May 4, 2009 at 10:38 pm
When you mention drought, it sounds like she's been keeping the tears in for a while, and she's suddenly burst. If this is what you meant, you could try comparing it to a dam that suddenly burst - which is definitely not a good thing - or, if it's the amount of tears that you are emphasizing, you could compare it to a "gushing river" or a waterfall or really anything that moves quickly and powerfully. :)
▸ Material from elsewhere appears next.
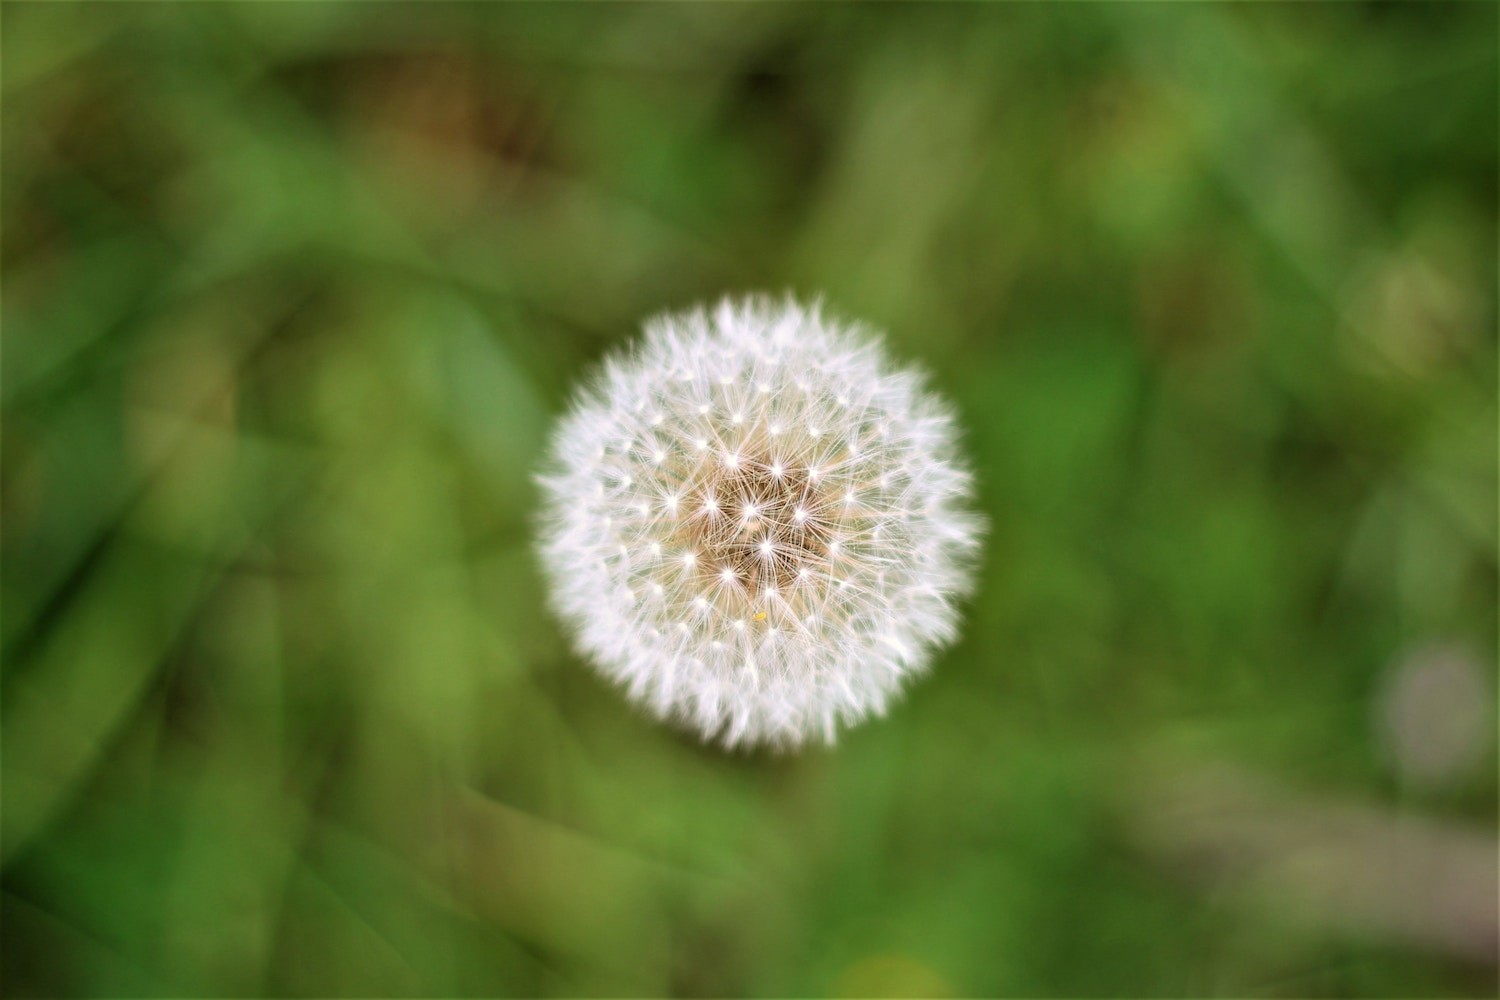 Dandelion in grass

pinkvolleyballgirl said...
May 4, 2009 at 1:29 am
Thanks both of u guys for the advice and helpful criticism. I do understand what u mean, EdytD. I think i was just trying to portray the intense flow of tears by using the phrase about drought. But u are right, a more somber comparison would be more fitting. Thanks:)
EdytD said...
May 3, 2009 at 8:16 pm
Sorry... I don't know if that posted.

Great imagery on this one! The comparisons really bring the poem to life for you reader. Going on what Ian S. said, though, rain after a long spell is usually comforting and is a good thing - if there's a draught, a "cry" is what is needed. I feel like you're not trying to convey a good cry, though, so I would change that comparison. But other than that, it's great and very strong! :D
pinkvolleyballgirl said...
Mar. 31, 2009 at 11:45 pm
Thanks so much for the advice. I was just looking for something to describe the natural lines of her face, so hills came to mind. But I agree I need to find something in nature that reflects the sadness and feelings of the poem. Thanks for commenting and giving your opinion! :]
Ian_S. said...
Mar. 27, 2009 at 3:40 pm
This is a heartwarming and thoughtful poem! I love the imagery but perhaps you could have replaced the phrase "They roll down the slopes and hills" with different words...your talking about sadness...When I think of slopes and hills I think of green...Green is not what your looking for...maybe ocean? or sea? I do think your poem is great otherwise! Good luck with your writing.